When I first started using SyncToy I was satisfied that it was copying all files. Recently I discovered one of two things: back in the beginning I didn’t check properly, or the behaviour of SyncToy has changed since then.

So what is the problem?

The SyncToy setting I have been using (at least on the recent versions) is ‘Echo’ which is described as:

“New and updated files are copied left to right. Renames and deletes on the left are repeated on the right.”

At face value this is what I wanted, a mirror of the local files to a network share. Unfortunately I didn’t take this description literally enough, SyncToy will ONLY echo changes that are made on the ‘left’ side. What I need (for example when rotating through external hard drives) is a proper sync that analyses both source and destination to determine the differences that need to be copied (you know, like rsync).

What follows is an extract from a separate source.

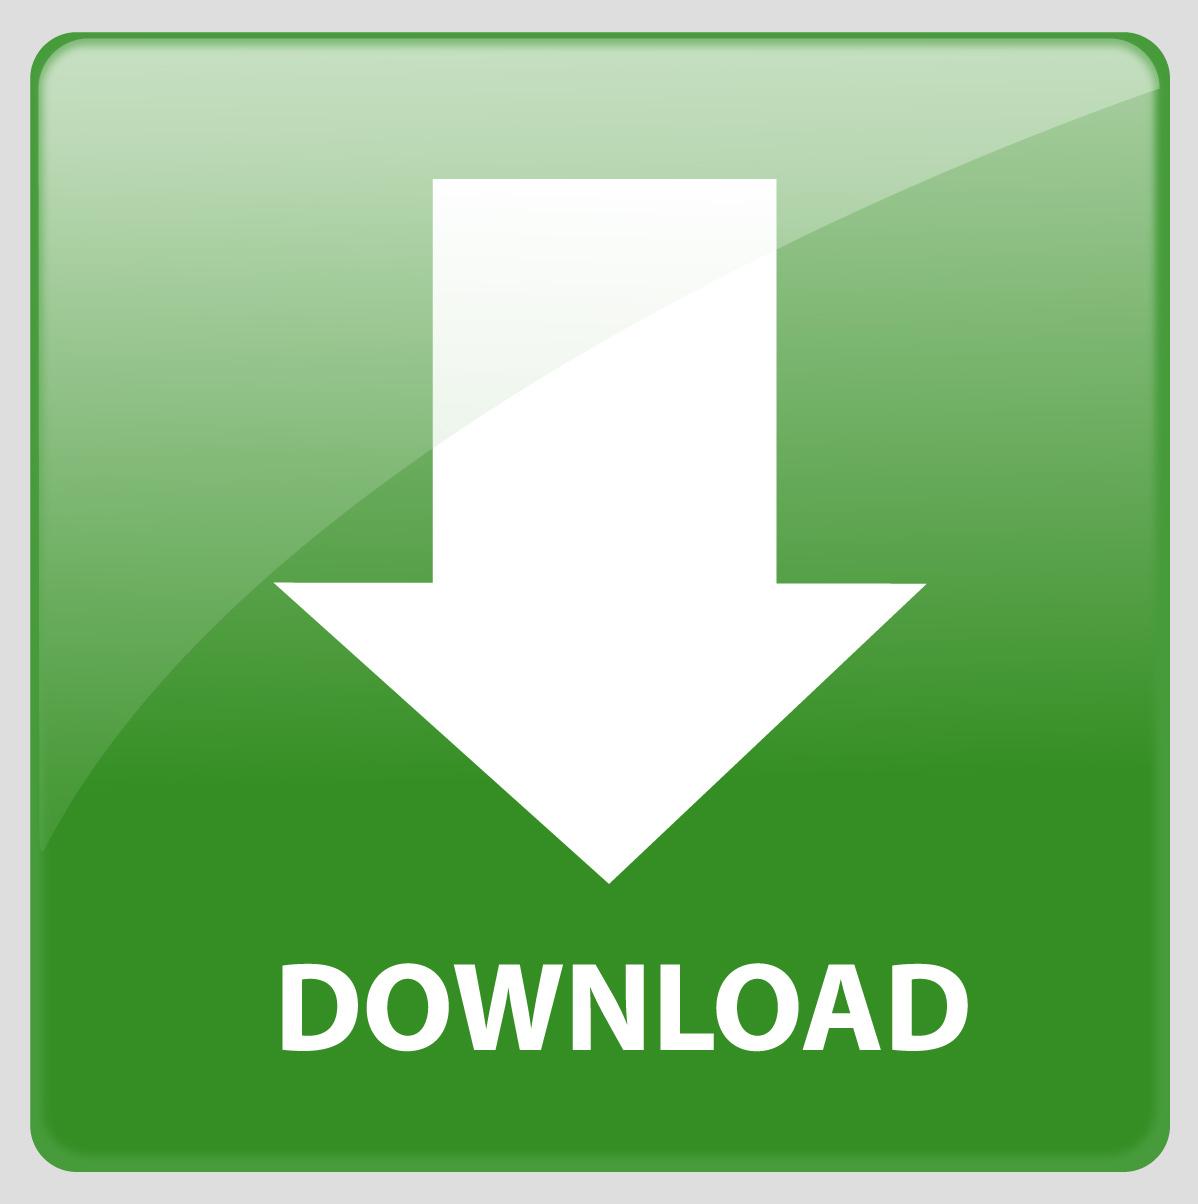 DPS_download
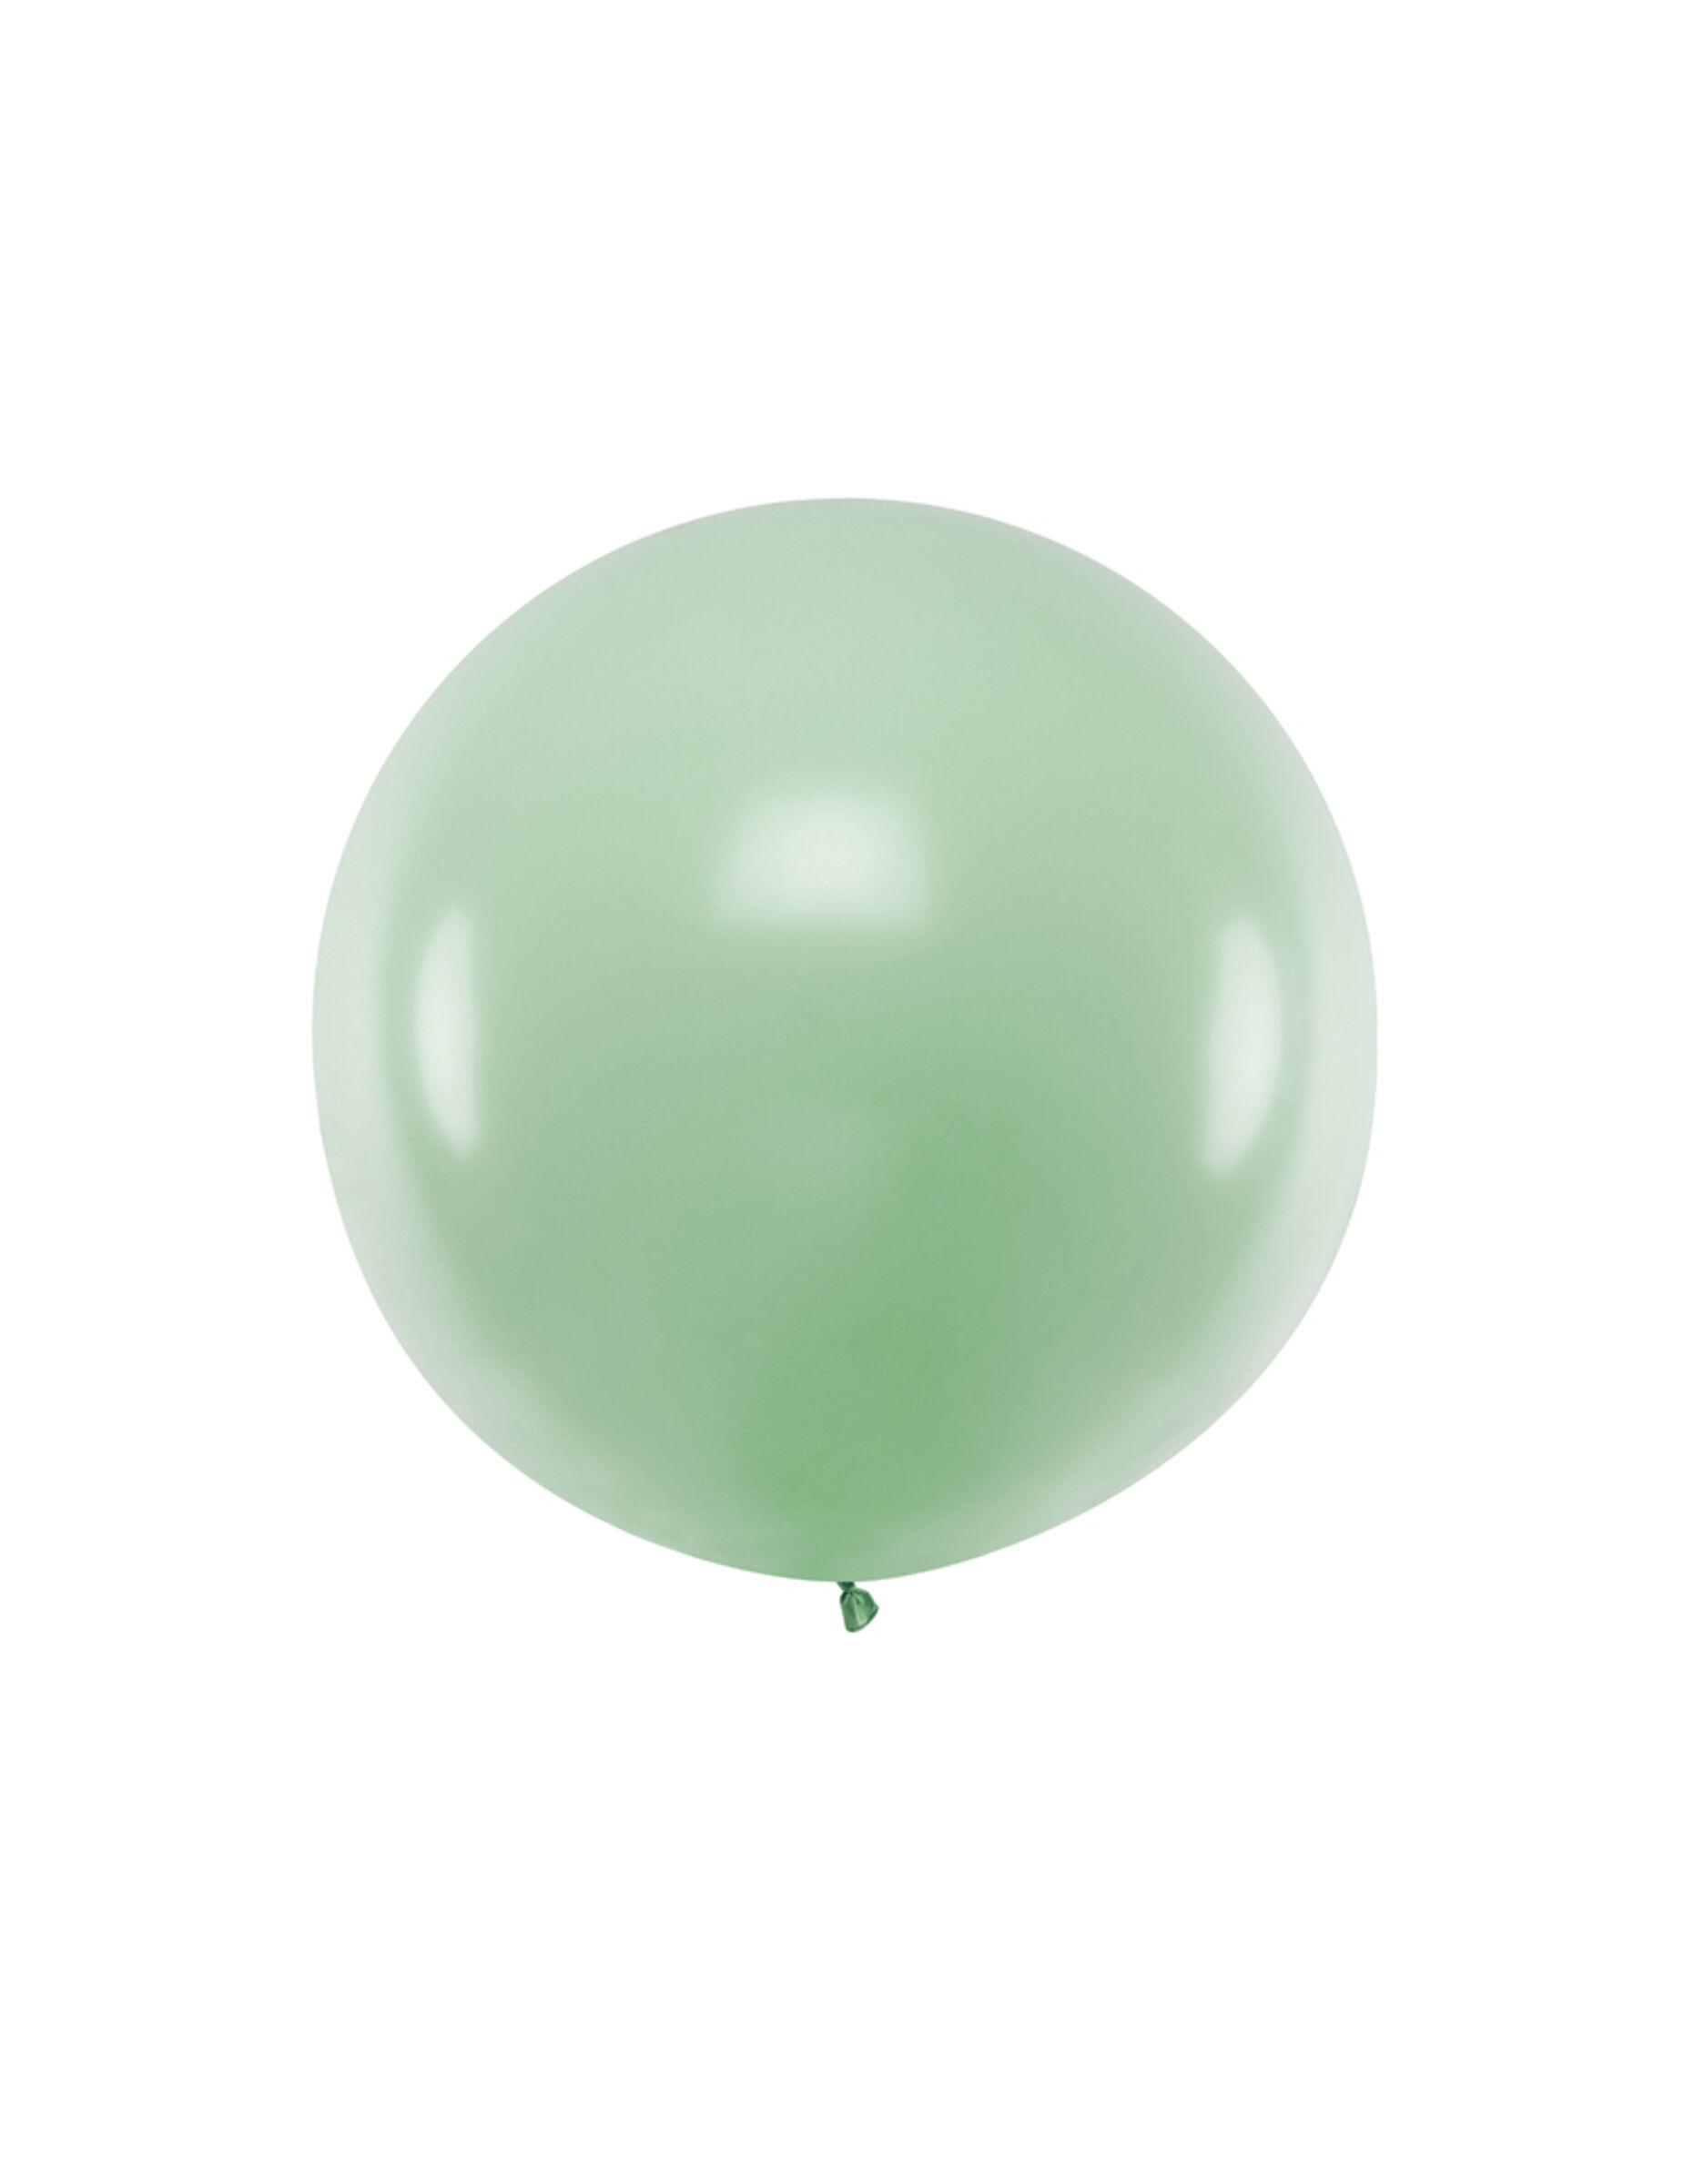 VegaooParty Ballon en latex géant pistache 1 m

So if for some reason files on the destination (‘right’ in SyncToy terminology) go missing or get corrupted, SyncToy doesn’t care. In the case where I am using a pair of identical external drives that I swap between home and work every couple of weeks, data that is copied to one drive is then not copied to the other drive a few weeks later.

What really confuses me is a step that the latest version of SyncToy no longer performs, which is how I noticed this (and then found that many others already knew). It used to be that when the sync ran (immediately after login) I could see it walking the destination file tree, both via network activity and in the samba logs. Why? If SyncToy doesn’t care about the destination, what is the point of this scan? Obviously they figured out that it was redundant and it was removed.

So what have I done?

Ideally I wanted a realiable win32 port of rsync that didn’t require me to install Cygwin. But without that I started looking into alternatives and I settled on Robocopy. Yes, another tool from Microsoft. For XP it is obtained from the Windows Server 2003 Resource Kit, but it is standard for Vista and 7.

Robocopy is a command line tool (there is a GUI available) which is fine with me as I want to script it. Which I have done and I now have two scripts. One to run at login which backs up local data across the network, and a second script which backs up the same data to an external hard drive. This second script also pulls other data (such as my email, etc) from the Linux box to the external hard drive.

One important option that I need to specify is /FFT which tells it to ‘assume FAT File Times’ as apparently the FAT file times are not as accurate as you would expect. But I’m copying from NTFS to ext3, FAT or FAT32 is not involved, but in between those two file systems is Samba, whose SMB implementation has similar time accuracy problems as FAT.

It has now been a week and the backups are working correctly. Hopefully it stays that way.

Tagged with: ,

Robust backups

Tuesday, December 15th, 2009 at 9:06 pm

In light of the failure experienced by two prominent technical bloggers I am glad that over the past few weeks I have been gradually improving my situation in regard to backups by finally crossing a few items off my Todo list.

So what have I done?

Firstly I now have a daily backup of my hosted sites (this one, plus those of some friends). Although I assume that Dreamhost have some form of backup and redundancy, Phil and Jeff learned the hard way that you can’t necessarily trust your host. So in addition to a daily rsync that pulls down all of the hosted files (mostly wordpress files, but also any new images) I now have a server side cron job that dumps each mysql database to a date based file. These mysql dumps are included in the rsync.

It was only last night that I tested these files. From the starting point of a generic Apache with an empty htdocs and an empty mysql database, I was able to copy in the files and import the database. It all worked.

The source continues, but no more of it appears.